### Task goal
Without pictures, output exactly the lines running from the line containing "110 476 in August 1991 in Appenweiler" to the end of the listing below.

### Source data
= Beginning of Section =

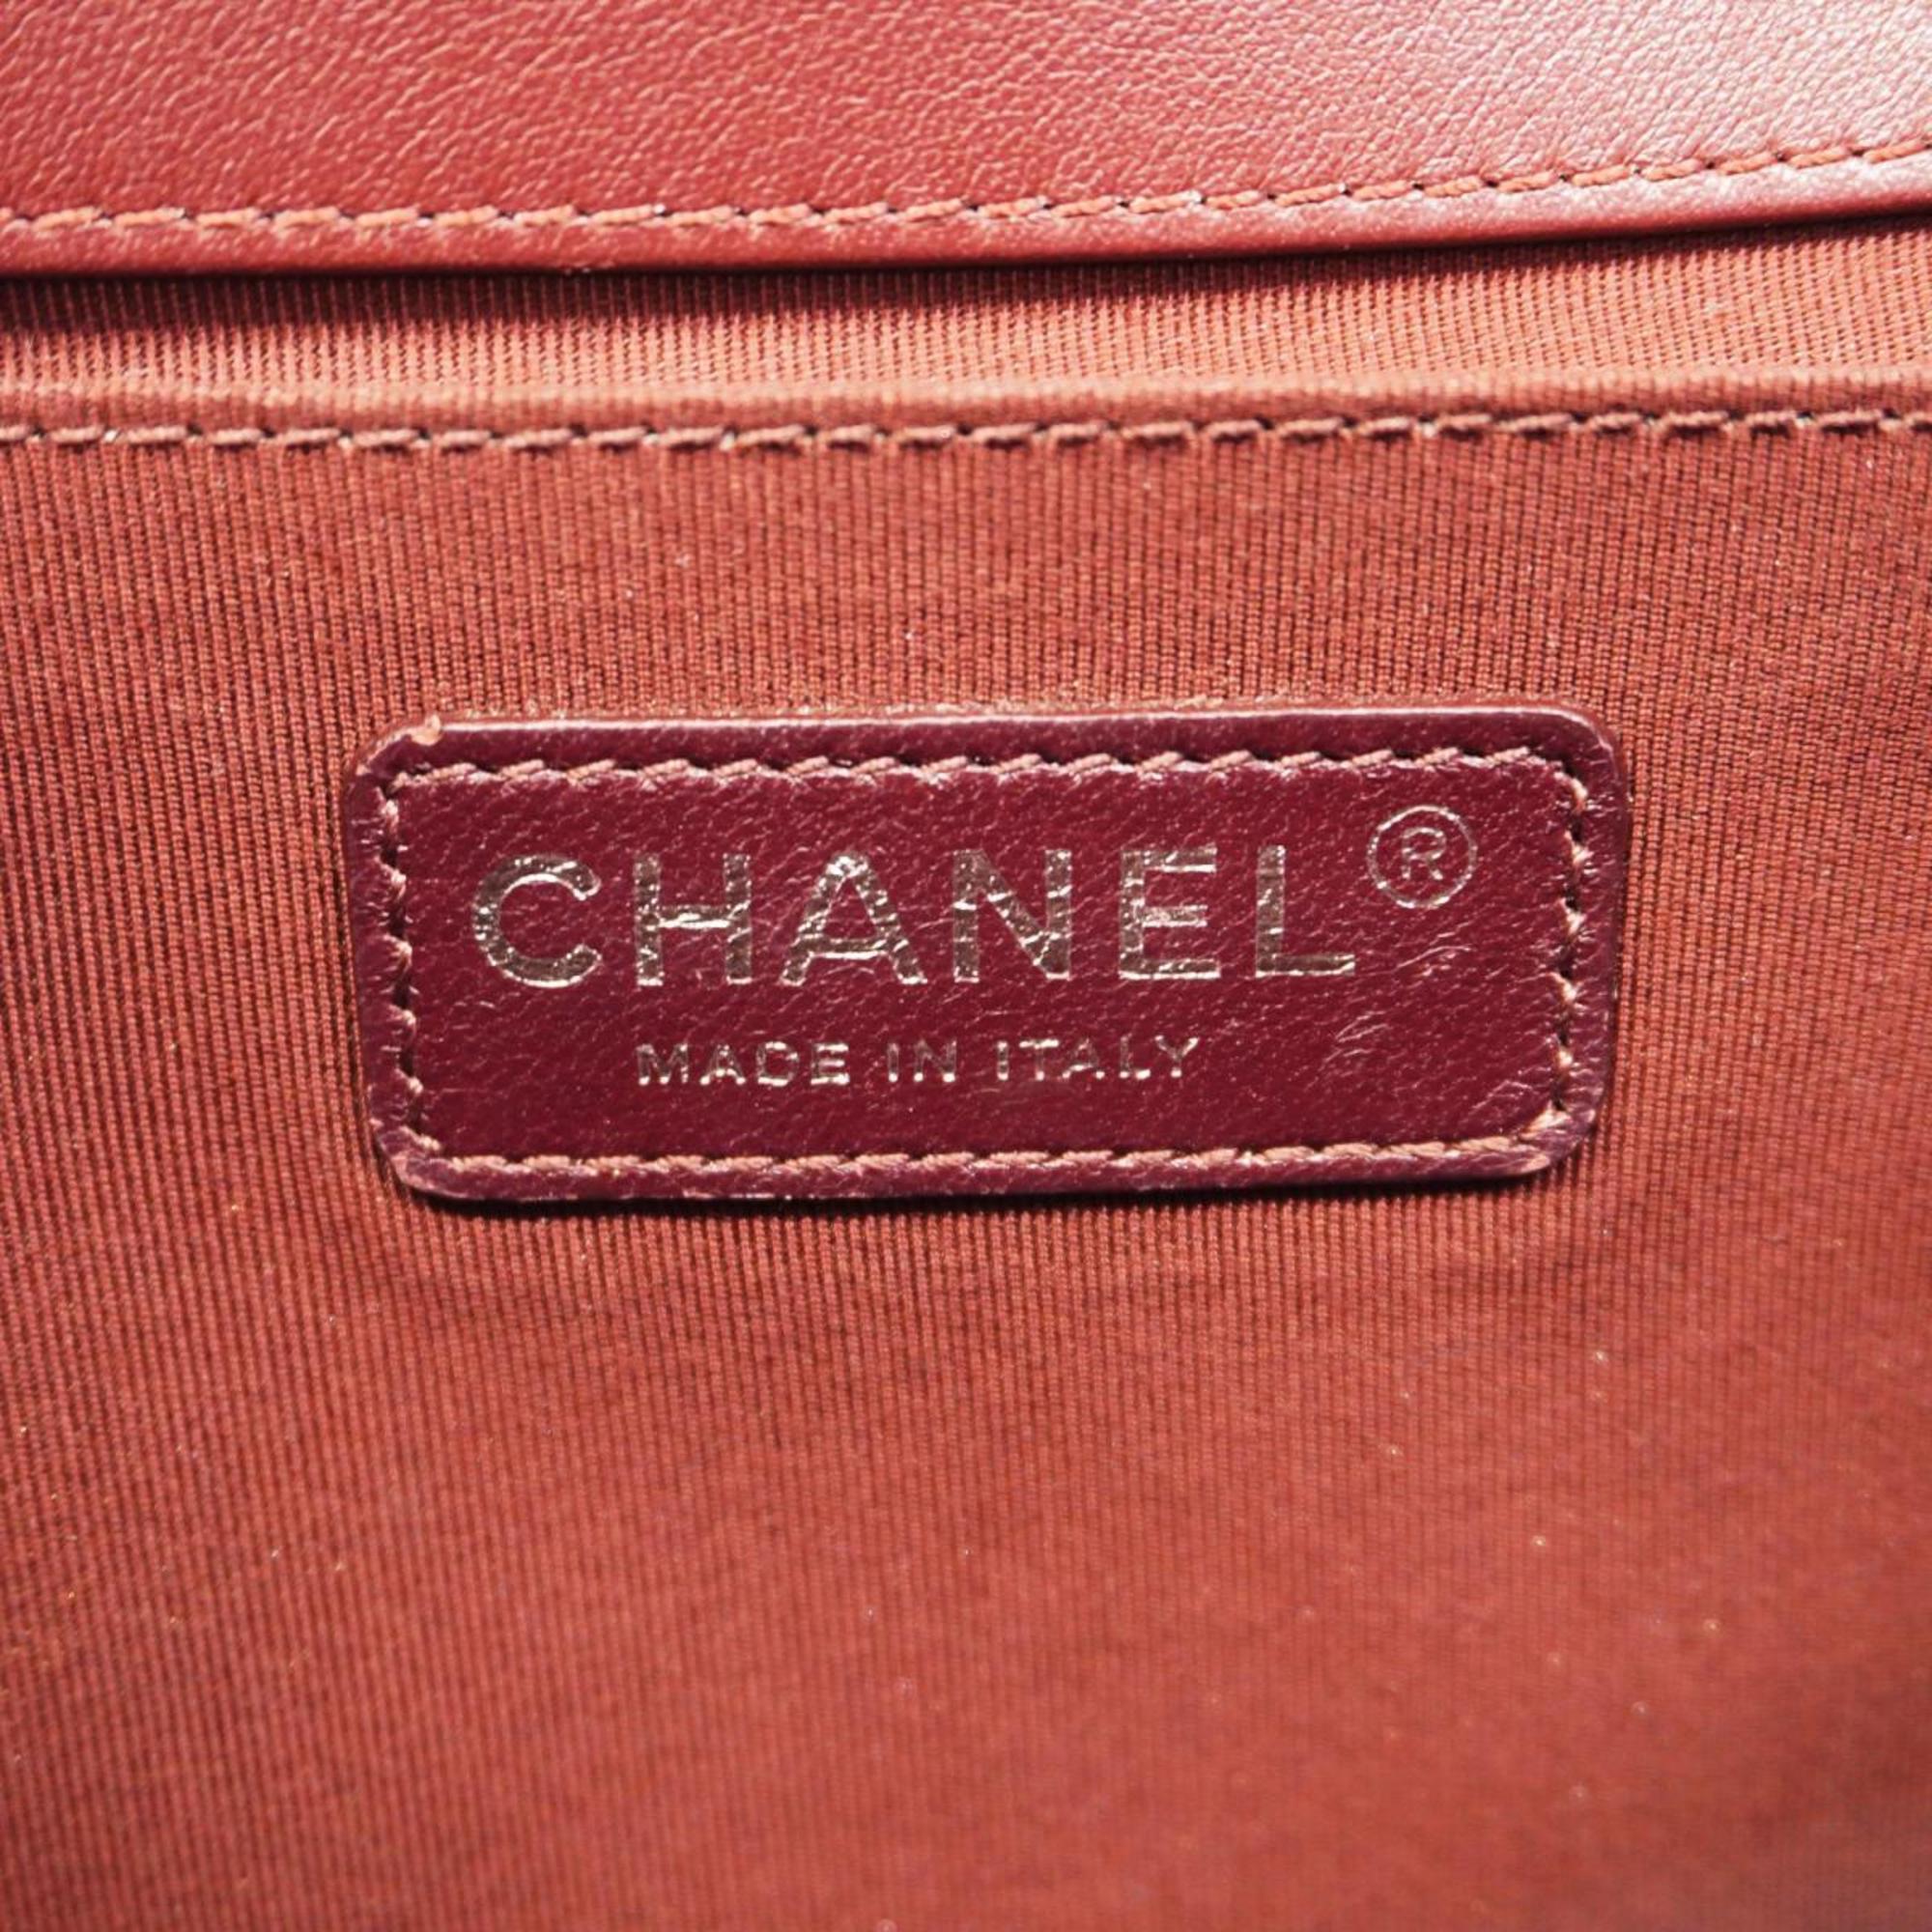 Chanel Shoulder Bag Boy Chain Suede Bordeaux Women's
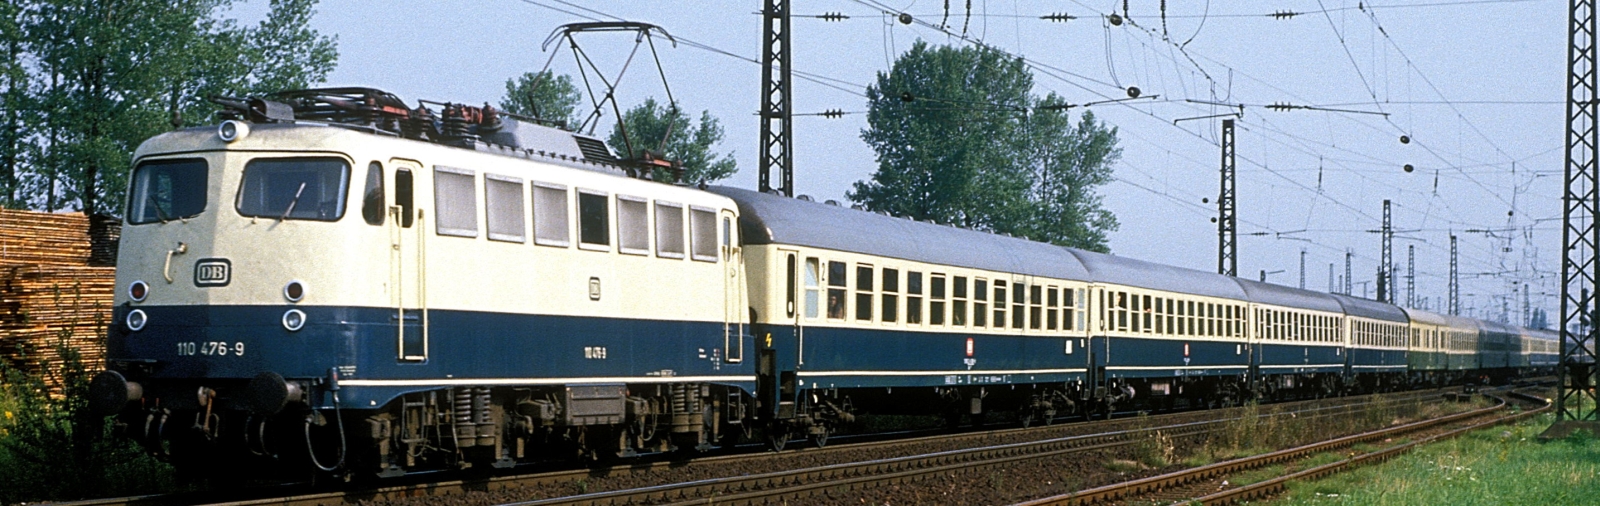 110 476 in August 1991 in Appenweiler
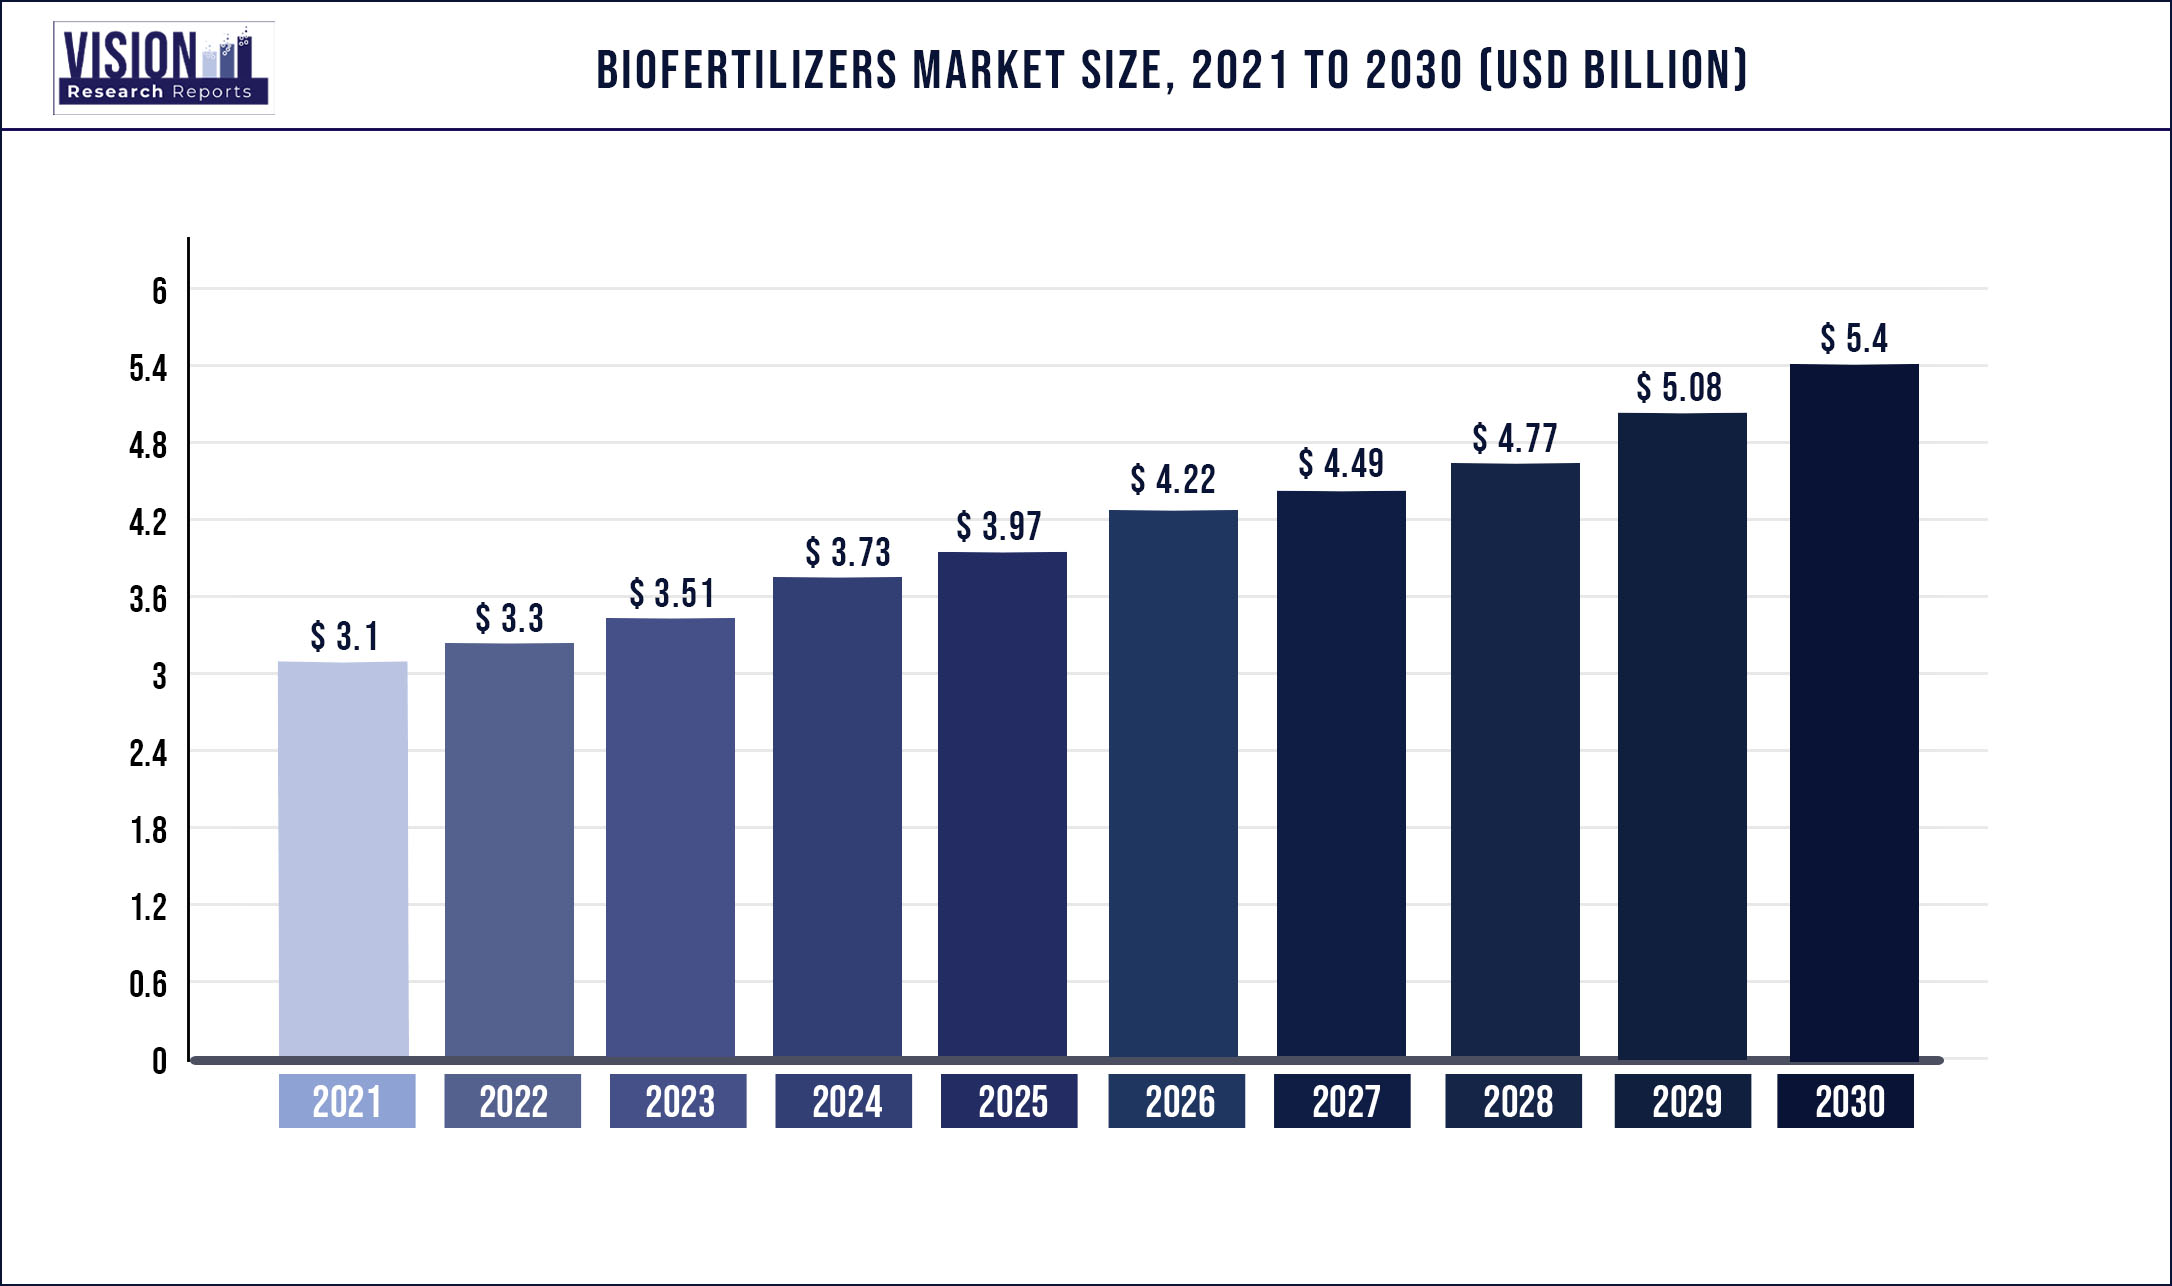 Biofertilizers Market Size 2021 to 2030

= End of Section =

### Response
 110 476 in August 1991 in Appenweiler
 Biofertilizers Market Size 2021 to 2030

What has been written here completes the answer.